Seek out alternatives if you’re short on air time or pages

Only a very lucky media outlet could cover every element of a municipal election exactly how it wanted, and to the fullest extent possible. Print publications have shrinking news holes and editorial staffs, and broadcast news has to compete with prime-time programming.

But the failure of traditional news gathering and reporting methods should not eliminate coverage; newsrooms must seek out alternative methods for informing their audience.

If your network does not want to give up air time for candidate debates, present them as live streaming video on your Web site, said Chris Slaughter, news director at WWL-TV, the CBS affiliate in New Orleans.

For broadcast stations, if you cannot pre-empt regular primetime programming for election coverage, try putting election returns and updates across the bottom of the screen, in scrolling tickers or graphics, Slaughter said.

Scour candidates’ filing forms

After the deadline to file for candidacy in municipal elections, acquire copies of the candidate filing forms and double-check all the information for any notable discrepancies.

“Check the place of residence for each candidate to determine if they actually reside in the ward, district, township or zone they hope to serve,” said Larry Fugate, editor of the Pine Bluff (Ark.) Commercial.

“Using the same information from their filing forms, check the delinquent personal and ad valorem (property) tax records to determine if they are delinquent in paying their state and local taxes,” he said. “You will probably get lucky on each election cycle and find a good story.”

Be a familiar face

Election reporters would do well to remember the age-old lessons on beat development, especially getting to know your sources.

“Today’s reporters simply don’t do enough schmoozing,” said Larry Phillips, local editor of the Mansfield (Ohio) News Journal. And it isn’t necessarily all the reporter’s fault, Phillips said, citing time constraints and increased expectations for story output as contributing causes.

“No one trusts someone they don’t know,” Phillips said. “Getting to know key sources, departmental secretaries, office managers, etc., is absolutely vital.”

Create visual tools for issue positions

Grids comparing candidates’ positions on the burning issues are a great replacement for standard election fare.

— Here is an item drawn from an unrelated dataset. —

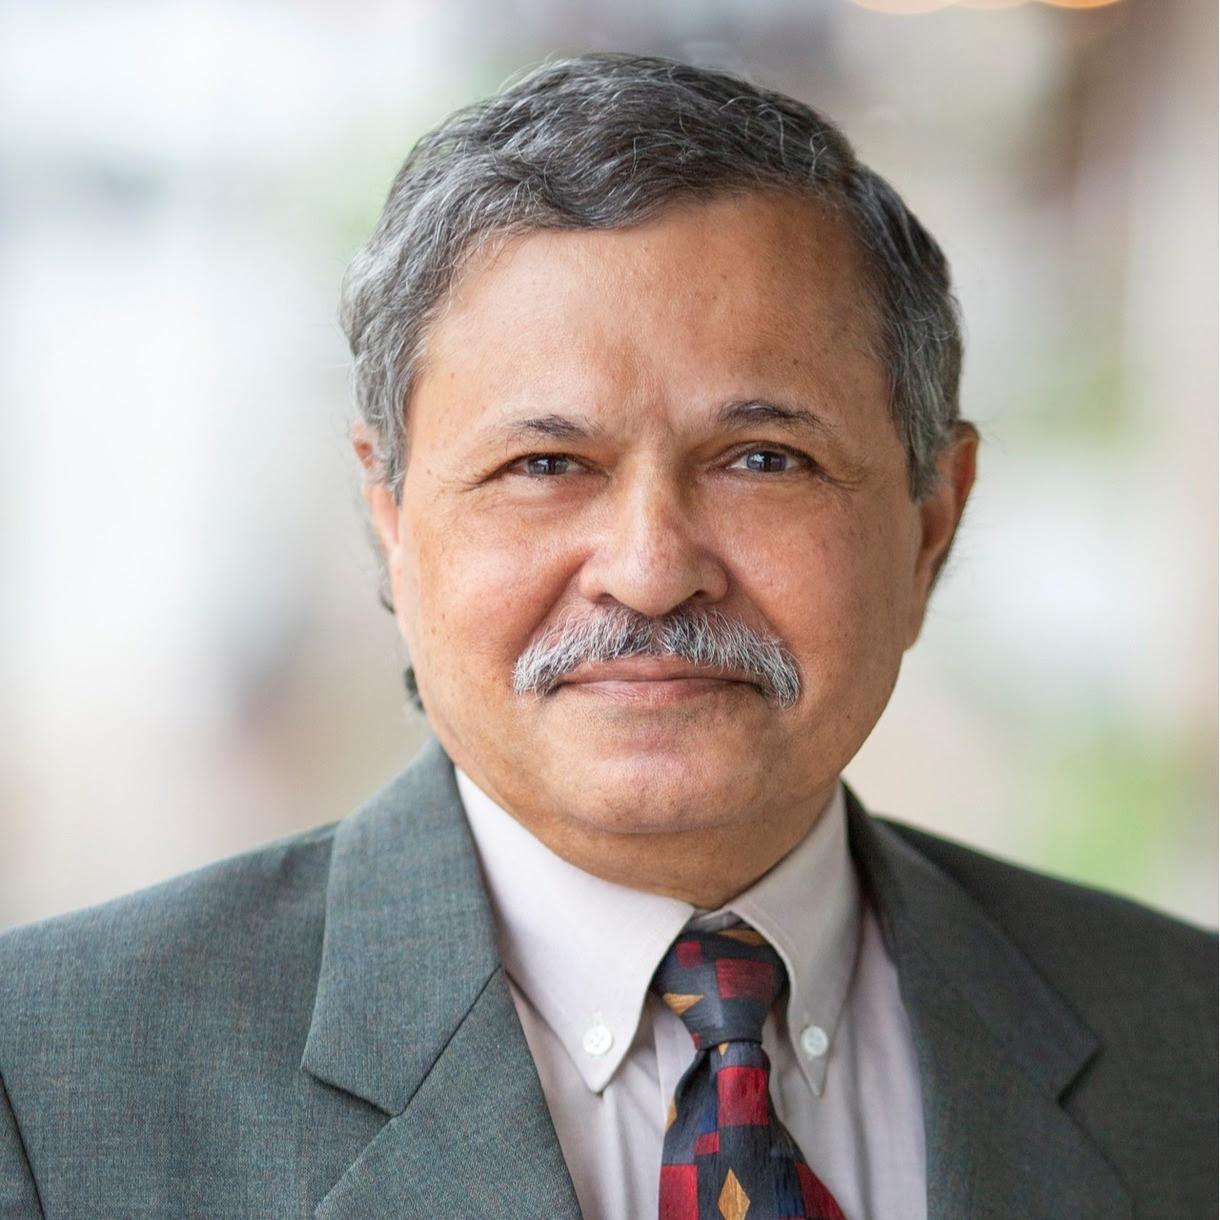 Dr. Utpal K. Goswami

“What your readers will get is a pithy, easy-to-digest comparison of candidates,” said Alasdair Stewart, city editor of the Walla Walla (Wash.) Union-Bulletin. “What they won’t get is 27 inches of ‘I’m running for this seat on the Zoning Board of Adjustment because I want to give back to this community that has given me so much.’”

In determining what the hot-button issues are for any given race, be sure to include the input of a variety of sources.

“Ask readers, ask candidates, ask the people who sit on the commission or board who aren’t running in this election,” Stewart said.

Use local analysts to frame issues

For analysis in municipal races, draw on local experts who understand all the nuances of your community and how to best communicate with your audience, instead of anonymous talking heads with no ties to your coverage area.

“Get a good analyst and use him or her often, and ask them tough, challenging questions,” said Slaughter of WWL-TV in New Orleans. Invite your audience to participate in your discussions by soliciting questions on your Web site.

“Tip O’Neill was right … all politics is local,” Slaughter said.

Don’t be afraid to have a little fun

“You can capture readers’ interests by doing fun facts about the candidates,” Osmondson said. “For example: The last book read. Details about their first car. Hobbies. Heroes. Favorite movie. Favorite book.”